Молодого гениального учёного Коврина начинает посещать бес в виде тёмного монаха. То, что это конкретно бес, а не кто второй, додуматься несложно: все его речи, обращённые к Коврину, направлены на возбуждение в человеке его гордыни и являются расхожим вариантом соблазна станете как всевышние. Тёмный монах — тёмный человек? Образ, в русской литературе идущий от Пушкина. Явление его — предвестье близкой смерти.

Святитель Игнатий (Брянчанинов) давал предупреждение: Неспециализированное правило для всех человеков пребывает в том, чтобы никак не вверяться духам, в то время, когда они явятся чувственным образом, не входить в беседу с ними, не обращать на них никакого внимания, признавать явление их величайшим и страшнейшим искушением. На протяжении этого искушения должно устремлять сердце и мысль к Всевышнему с молитвою о помиловании и об избавлении от искушения.

Коврин, очевидно, о аналогичных предостережениях не слыхал, исходя из этого легко поддаётся прельстительным речам.

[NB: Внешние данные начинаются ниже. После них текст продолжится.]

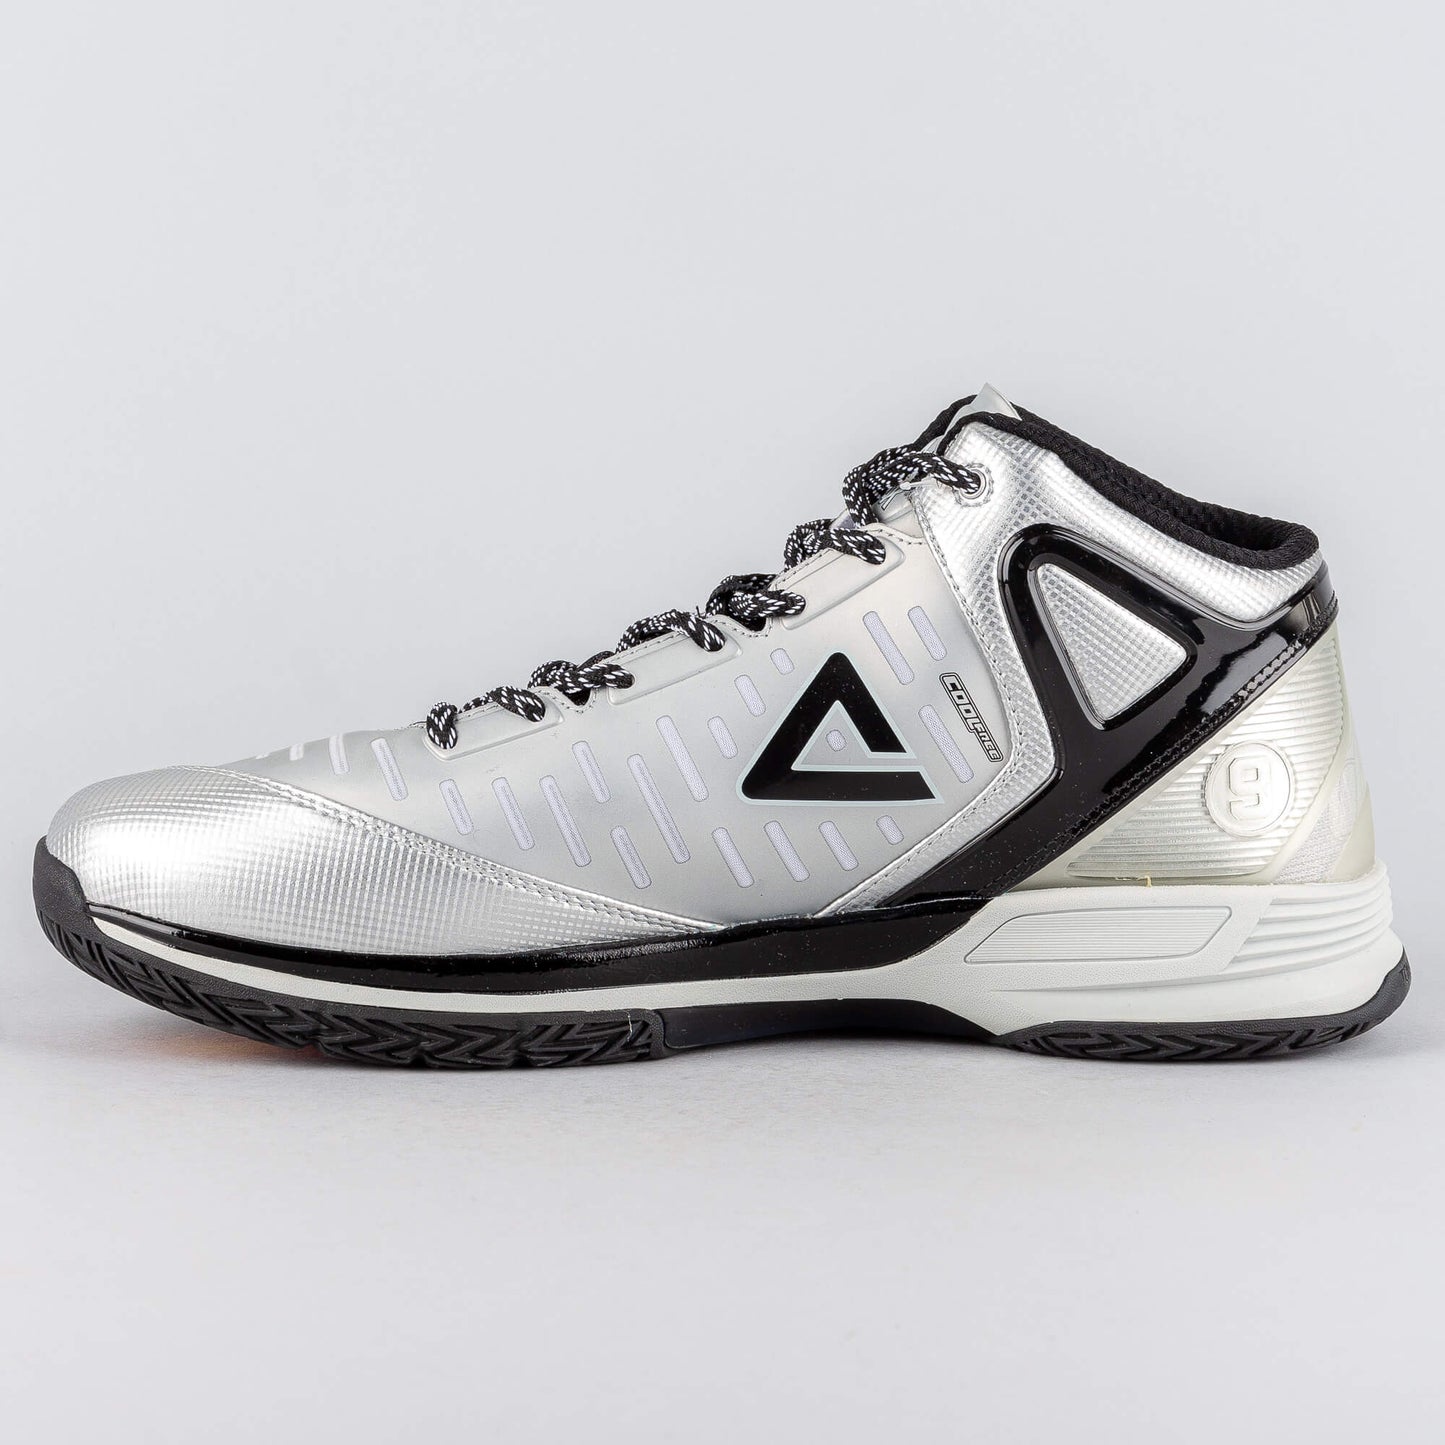 PEAK TP9-II Basketball Shoes Silver/Black

Бес использует утончённые способы соблазна. Он соблазняет конкретно особенной ролью в бессмертии, потому что таких гордецов, как Коврин, отсутствие бессмертия может лишь отпугнуть. Но к правде (идее бессмертия, вечности) папа лжи неизменно подмешивает неправда: не только льстивыми похвалами, но и неверным указанием на смысл жизни, всякой жизни, среди них и вечной. В Плане о мире человеку назначена роль соработника Божия, а не интеллектуального гедониста, включённого в процесс перманентного познания. Познание имеется идеал просветительской идеологии, ограниченного людской рассудка, оно даётся человеку вместо прошлого дара знания, потерянного в грехопадении. Научное познание — атрибут падшего мира, не более того.

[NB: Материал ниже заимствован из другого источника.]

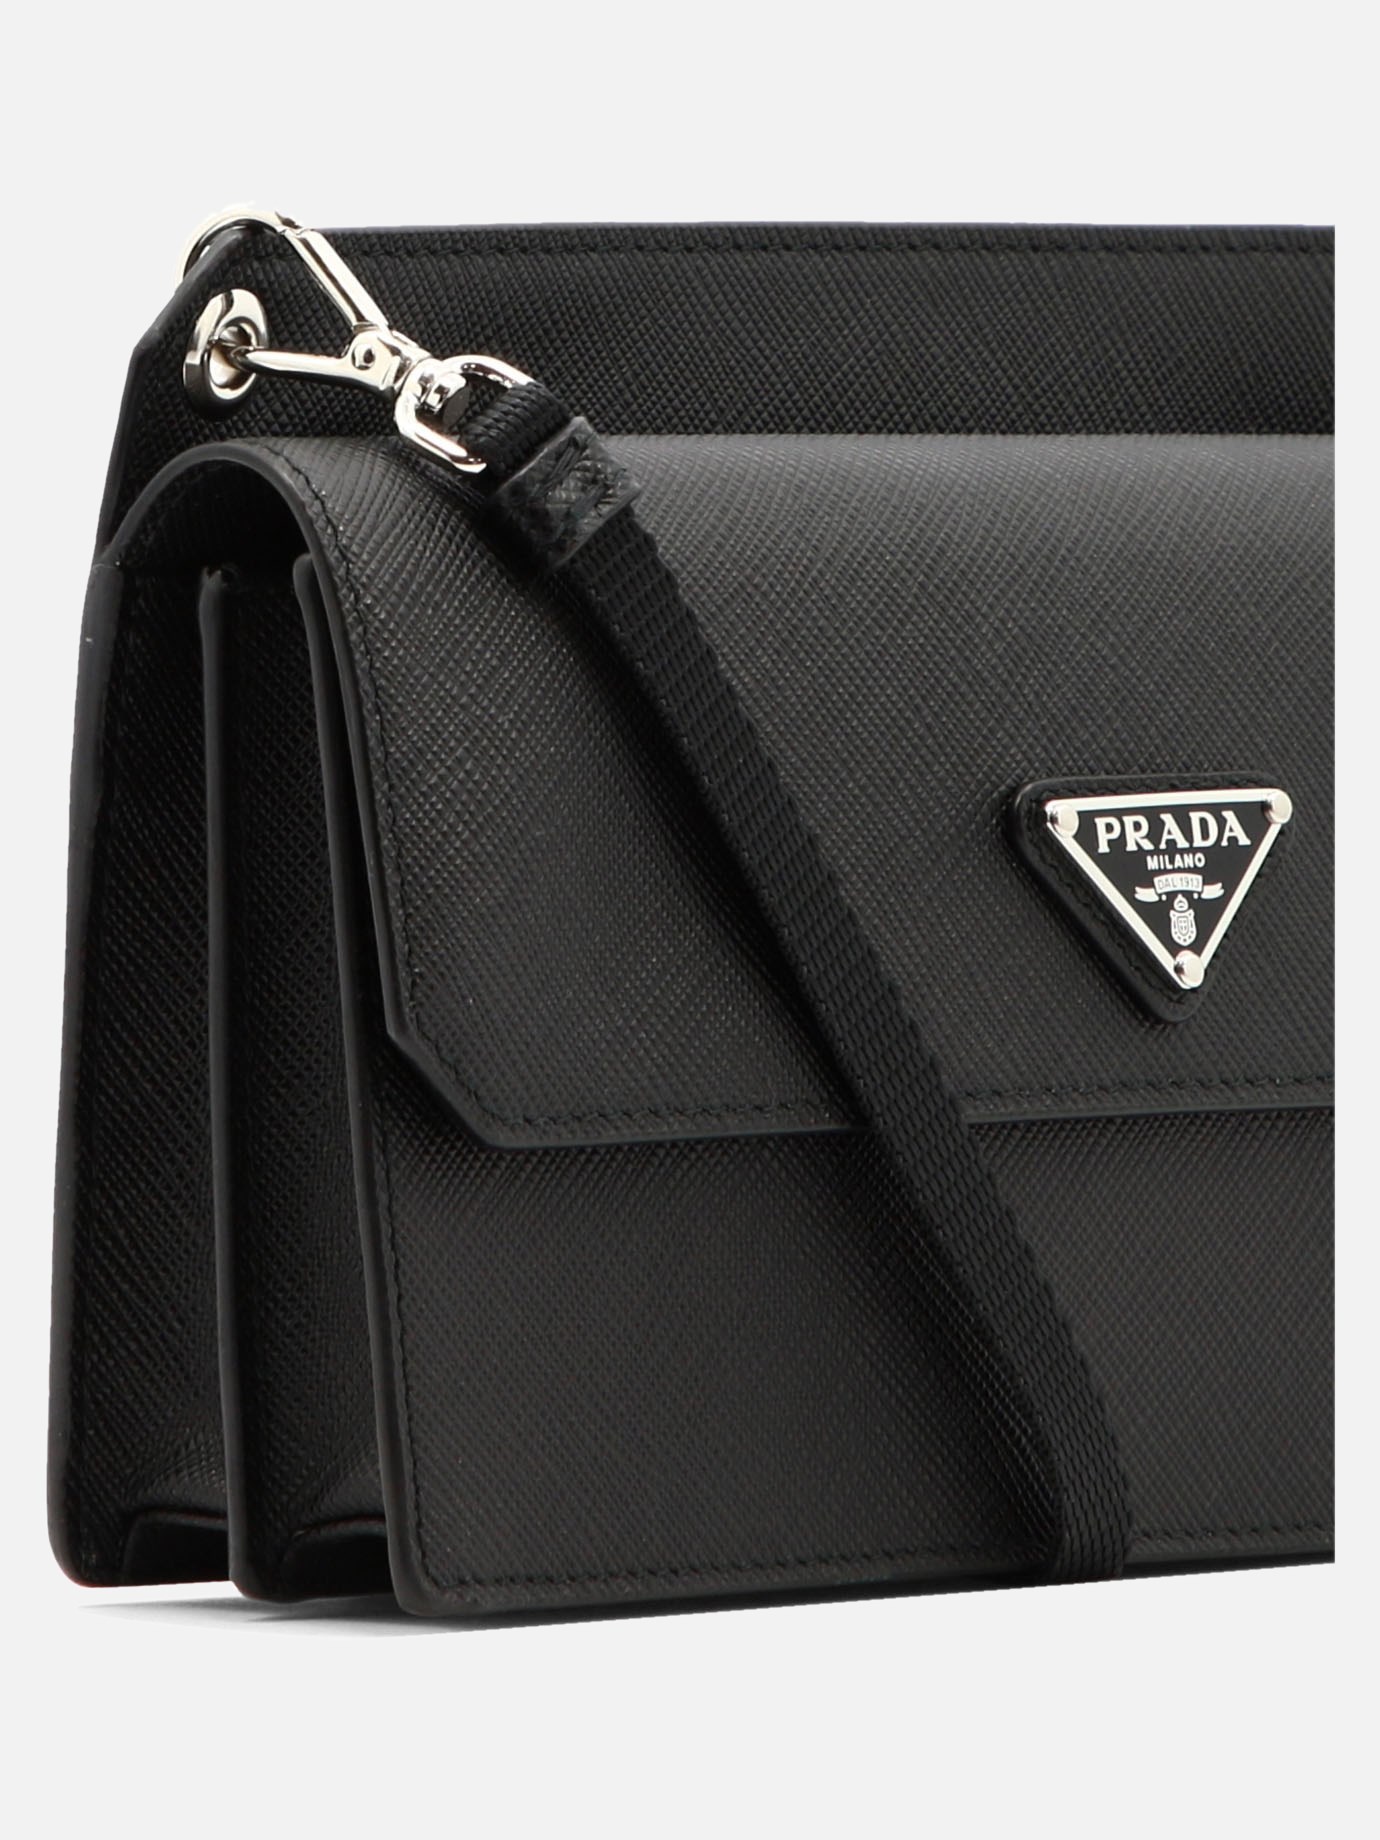 Saffiano leather smartphone case by Prada

Нетрудно подметить, что Коврин соблазнён задачей сделать человека, возможно, ценой собственных жертв, хорошим Царствия Божия на земле, другими словами хоть в малой мере уподобиться Христу (станете как всевышние), но лишь снаружи. Идеал жертвенности во имя неспециализированного блага сближает Коврина с борцами за социальную справедливость, а по истине — с разрушителями судьбы, кроме этого поддавшимися бесовскому соблазну. В базе все соблазнены тем, чем лишь и возможно соблазнить человека эвдемонической культуры: призраком счастья, в каком бы виде оно ни представлялось. Мысль спасения тут кроме того не подразумевается. Избранные должны подготовить собственного рода скачок из царства необходимости в царство удовольствия. Скачок не то революционный, не то эволюционный, но, как возможно додуматься, естественно-исторический, потому, что того же результата человечество достигло бы и собственными усилиями, хоть и позднее (но, по их рассуждению: что тысяча лет для вечности? — сущий бред).

Мания величия разъединяет людей, потому что ложно возносит возгордившегося над остальным человечеством. Повторяться и сказать снова о губительности гордыни для человека и для мира тут нет потребности. Для Чехова это кроме этого разумеется.

Значительно, что в миросозерцании Чехова, отразившемся в его произведениях, нет иерархии, осознаваемой с позиций стяжаемых земных сокровищ (в то время, когда кто-то богаче других, или посильнее, умнее, гениальнее, известнее, образованнее и т.д.). Это то отрицание иерархии, которое мы видим в словах Апостола:

Все вы, во Христа крестившиеся, во Христа облеклись. Нет уже иудея, ни язычника; нет раба, ни свободного; нет мужеского пола, ни женского: потому что все вы одно во Христе Иисусе (Тал. 3,27—28).

Абсолютизация таковых различий не соединяет, но разделяет род человеческий (не смотря на то, что и совсем отвергать их, впадая в иную крайность, также не должно). Тут очевидно действует гуманистический соблазн. В противовес иерархии, выработанной идеологией гуманизма, в Православии существует иерархия другая, иерархия стяжания духовных сокровищ, очищения в себе образа Божия от зла, в котором пребывает мир. Такая иерархия не разобщает, но сближает людей, единит их в деле спасения. Эта идея звучит у преподобного Серафима Саровского: Стяжи дух мирен — и около тебя тысячи душ спасутся. Сознавание таковой иерархии Чехову было свойственно.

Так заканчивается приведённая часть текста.